**PROVIDED MATERIAL**
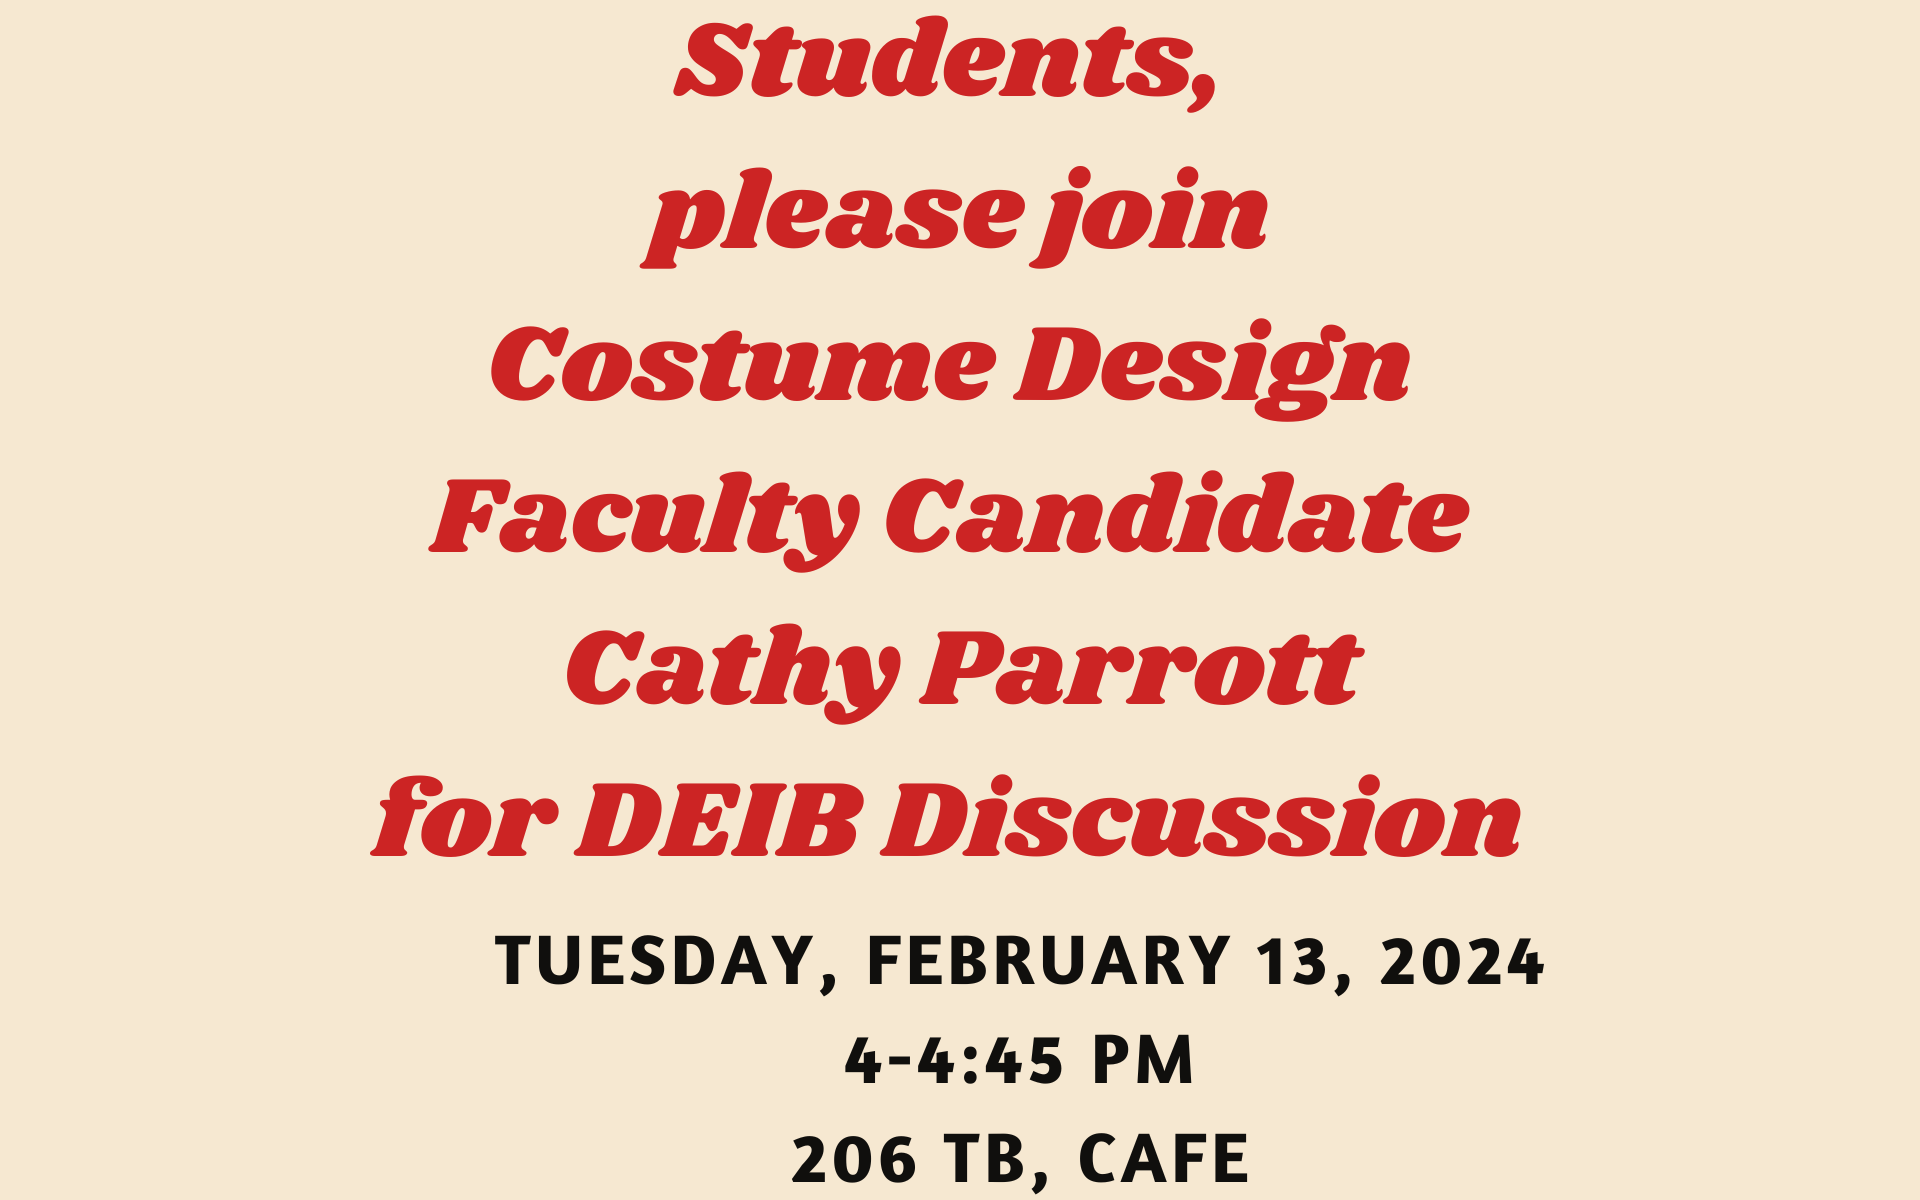 DEIB Discussion with students and faculty candidate
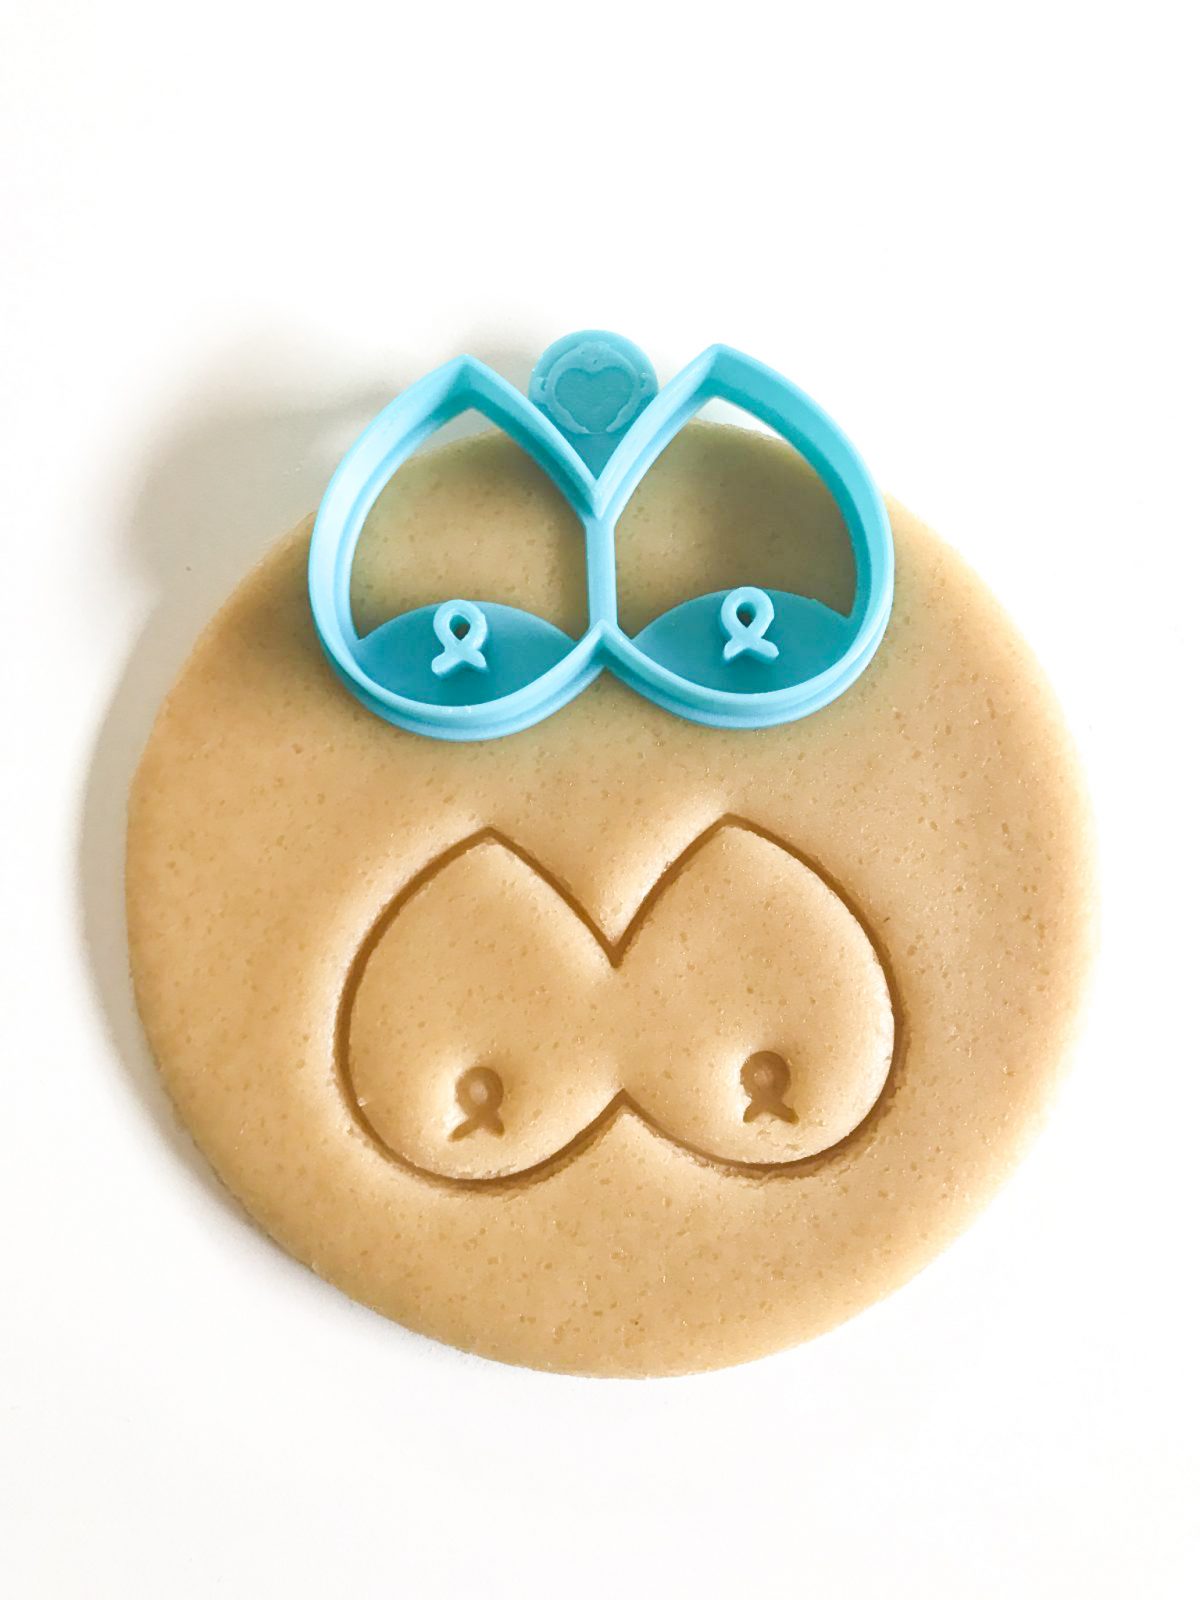 Boobs For Cancer Cookie Cutter
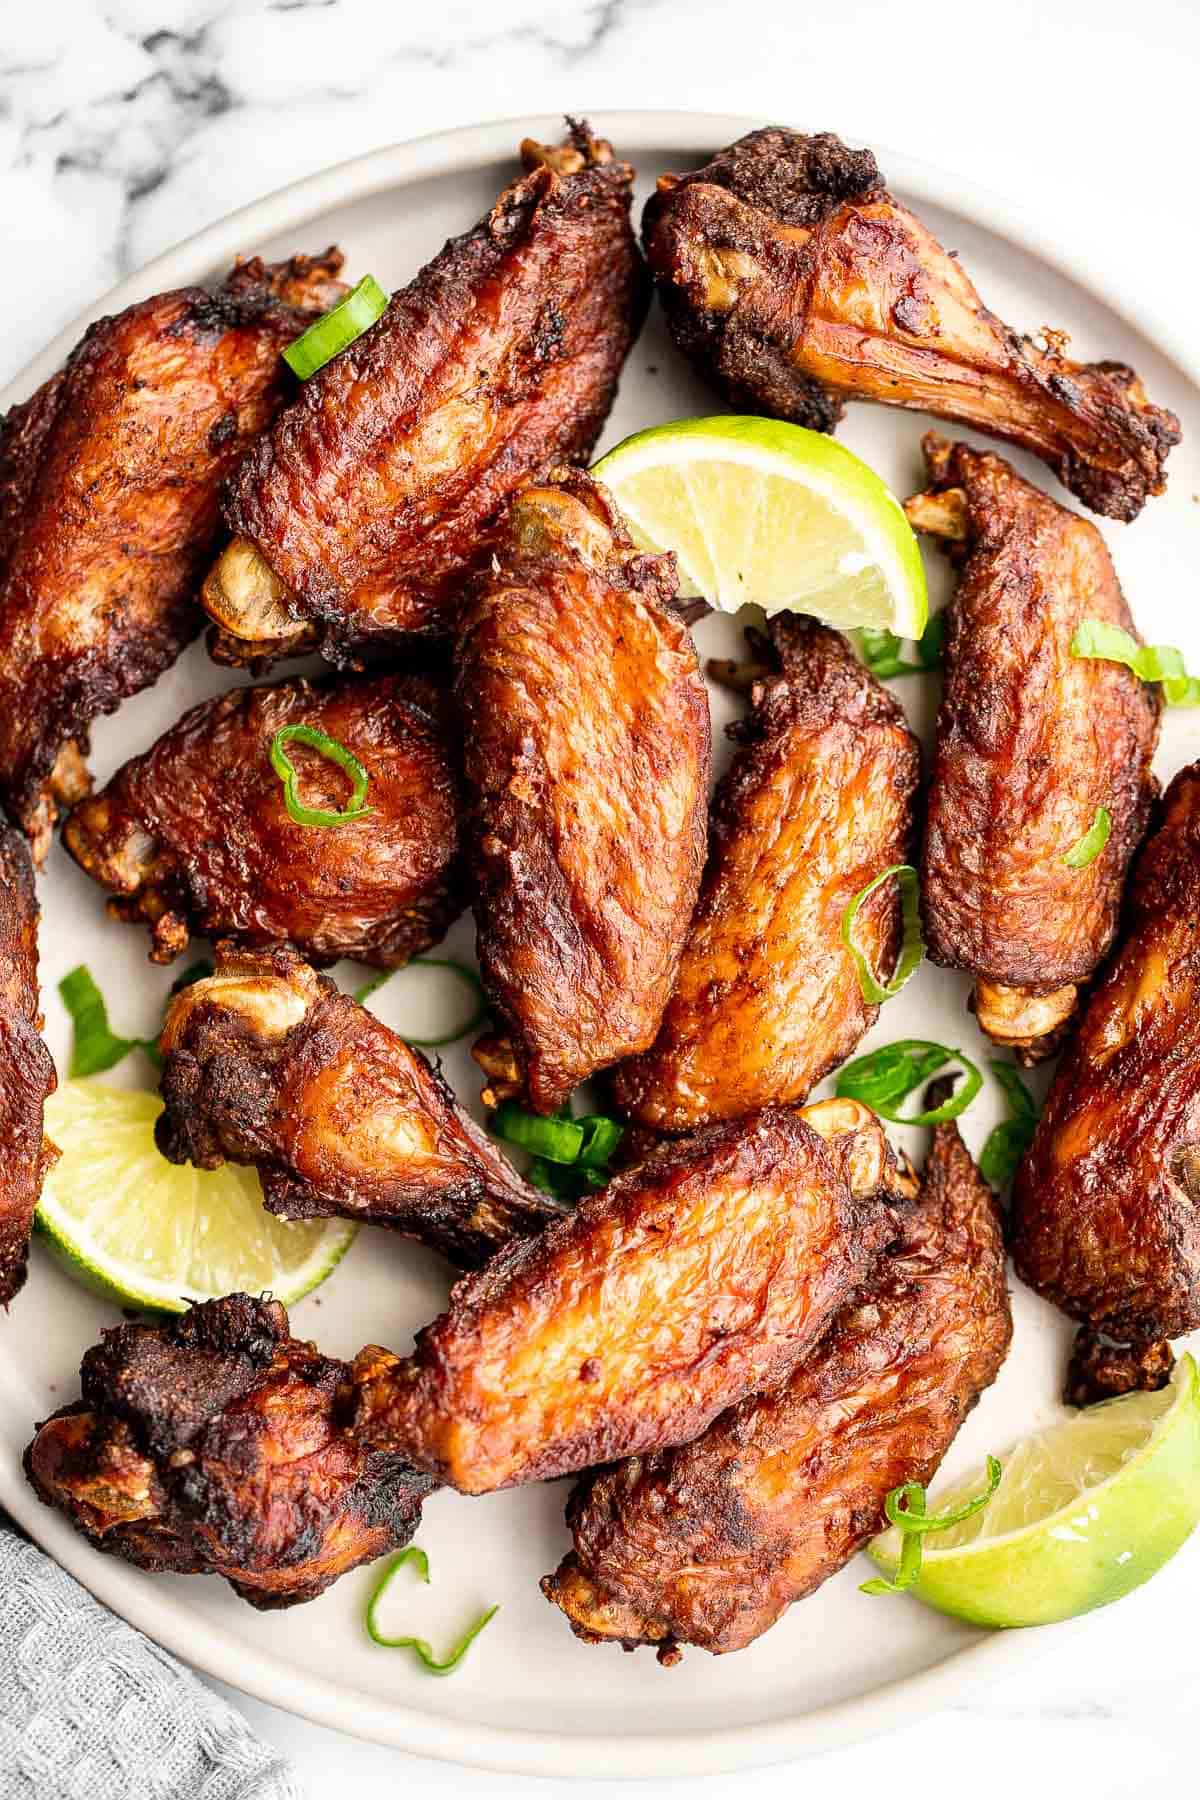 Jamaican jerk chicken wings with delicious crispy skin and tender and juicy meat are loaded with flavor. They're easy to make on the oven, grill, air fryer. | aheadofthyme.com

**EXERCISE BRIEF**
Leaving out the pictures, reproduce the whole listing above exactly.

**ANSWER AREA**
 DEIB Discussion with students and faculty candidate
 Boobs For Cancer Cookie Cutter
 Jamaican jerk chicken wings with delicious crispy skin and tender and juicy meat are loaded with flavor. They're easy to make on the oven, grill, air fryer. | aheadofthyme.com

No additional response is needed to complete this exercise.